Originally, the entire area was reserved for stables and 100
wide road. The reservation was deleted earlier, as stated
above, and western part was included in commercial zone and
eastern part was included in the residential zone on the
plan. In view of the fact that of the final plan was
restored, though a part of it is now said to be used for
residential purpose, the question is whether the entire
process of the issuance of the notice under Section 28
involving consideration of the objections and passing of the
final plan after consideration is required to be gone
through? It is seen that by operation of Section 127 of the
Act where any land is included in any of scheme as being
reserved, allotted or designated for any purpose specified
therein or for the purpose of Planning Authority or
Development Authority or Appropriate Authority and the State
Government is satisfied that the same land is needed for a
public purpose different from any such public purpose or
purpose of the Planning Authority, Development Authority
Appropriate Authority, the State Government may
notwithstanding anything contained in this Act, acquire such
land under the provisions of the Land Acquisition Act, l894.
Sub-section (3) envisages that on the land vesting in the
State Government under Section 16 or 17 of the Land
Acquisition Act, 1894, as the case may be, the relevant plan
or scheme shall be deemed to be suitably varied by reason of
acquisition of the said land.

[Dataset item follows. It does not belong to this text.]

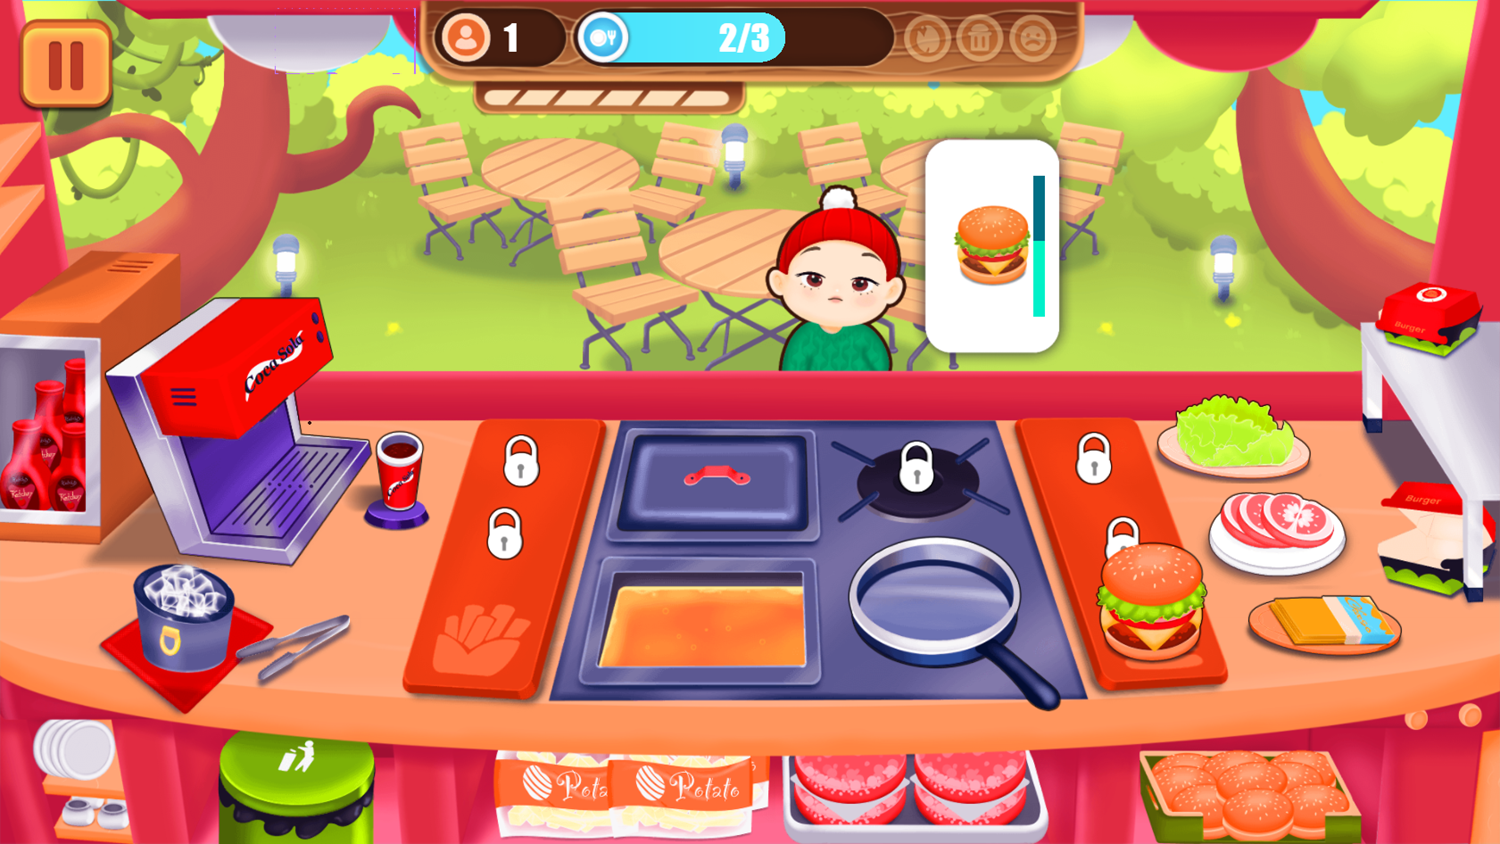 Cooking Fever Game Level Progress Screenshot.

Thus it could be seen that
once a notification under section 4(1) was published and
declaration under Section 6 of the Land Acquisition Act came
to published, the public purpose becomes conclusive and for
any variation without substantial formalities, it is not
necessary that the entire process of re-publication of the
notification under Section 28, finding having been recorded
under both the Section 31 read with Section 37, requires to
be followed. The view of the High Court, therefore, was not
correct.
It is then contended by Mr. U.R. Lalit, that the
respondents had not been given the information of the
notification under Section 9 of the Land Acquisition Act.
Therefore, the award is bad in law. We find no force in the
contention. In the absence of notice or failure to serve
notice, the award does not become invalid. Due to the fact
that immediately after the award and before the publication
of the award, the writ petition came to be filed on
September 25, 1980, we direct the appellants to make an
application within six weeks under Section 18(1) of the Land
Acquisition Act seeking reference. The land Acquisition
Officer is directed to refer the matter to the competent
civil Court for disposal within two months according to law.
The appeals are accordingly allowed but without costs.